Friday, 28 August 2009

'Yes We Can' Take Over The Internet


Following on from yesterday's post about Obama, socialists and control, comes this today.

Bill would give president emergency control of Internet

Internet companies and civil liberties groups were alarmed this spring when a U.S. Senate bill proposed handing the White House the power to disconnect private-sector computers from the Internet.

They're not much happier about a revised version that aides to Sen. Jay Rockefeller, a West Virginia Democrat, have spent months drafting behind closed doors. CNET News has obtained a copy of the 55-page draft (excerpt), which still appears to permit the president to seize temporary control of private-sector networks during a so-called cybersecurity emergency.

The new version would allow the president to "declare a cybersecurity emergency" relating to "non-governmental" computer networks and do what's necessary to respond to the threat.

Looks like the yanks are starting down that long road we joined in 1997.




5 comments:

Ian B said...

"Starting?" "1997"?

This is a much longer process that just the New Labour years. It's simply the latest stage of something that has been going on for more than a century, since the anglosphere's elites were gripped by their version of socialism- corporatist, moral reformist and incrementalist. New Labour didn't invent it, and that's one reason electing Cameron won't change a goddamned thing.

But having said that, yes, Obama is their Blair. Like us, the Americans will find, a few years from now, that drastic changes have been wrought which the majority were barely aware were happening.
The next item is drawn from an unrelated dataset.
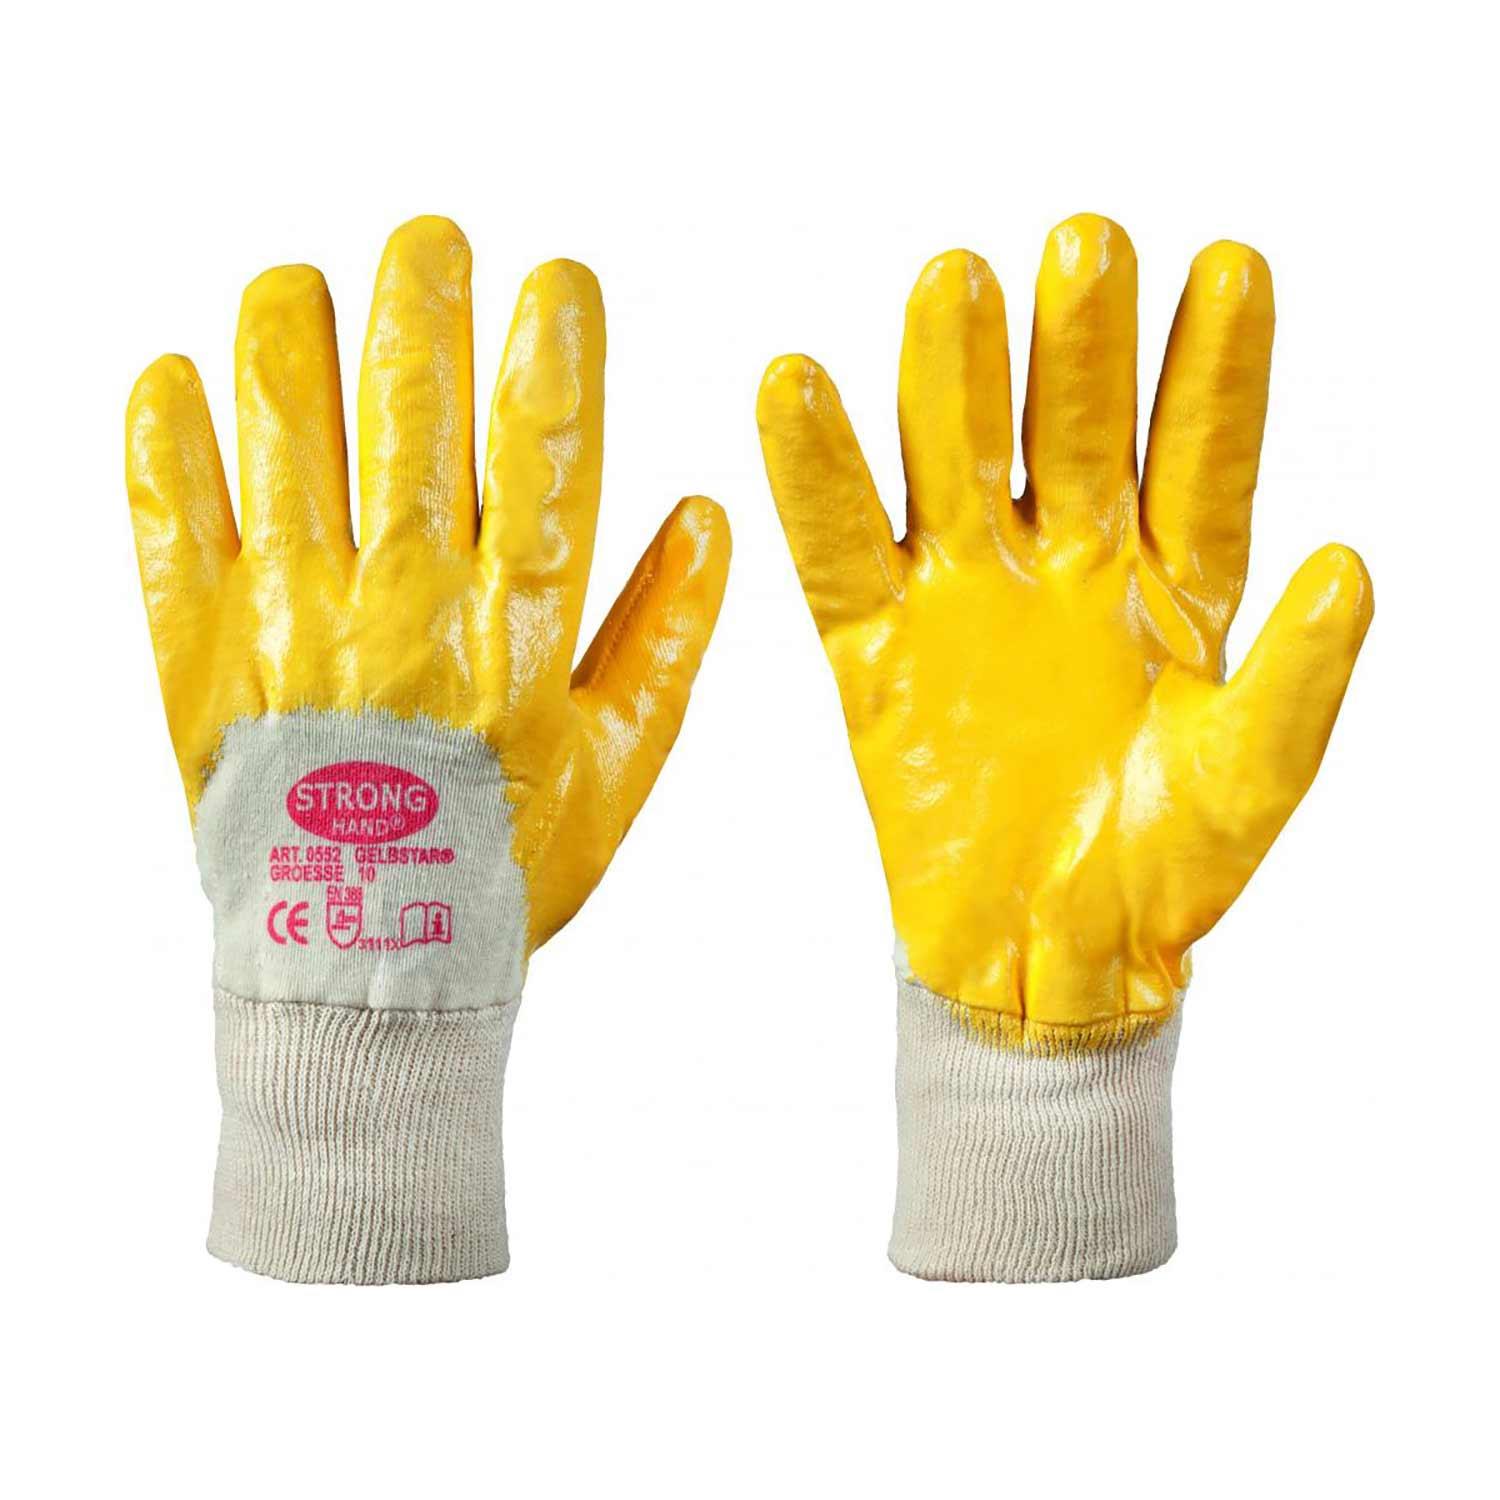 Gelbstar Stronghand Nitril Handschuh Gr. 9

The difference between Left parties and Right parties in the anglosphere is merely that the Left have a better revolutionary technic. Right parties will adopt the policies of the left- e.g. terror of racism, homophobia, extreme child protection, diversity, without really understanding why, so their policy implementations are far more fragmented and incoherent.

The Left parties have a considerable heritage of structural theory which directs them to modify political structures in a very organised and successful manner. As such, Obama is the leader of a structural revolution, as was Blair; it's not the surface policies that really matter, but the structural changes that will be made to the political structures of the USA. Once those structural goals have been achieved, the government is then free to make what policies it likes, which is why the first few years of Blair's reign seemed somewhat mild, and even "right wing" on occasion (e.g. on student grants) and then suddenly we caught in a massive rush of policy that seemed almost to come out of nowhere. It was the putting in place of ideological sound apparatchiks imbedded in a carefully designed apparat (such as OFCOM, both FSAs[1], etc) and appropriate enabling legal instruments that was the key thing.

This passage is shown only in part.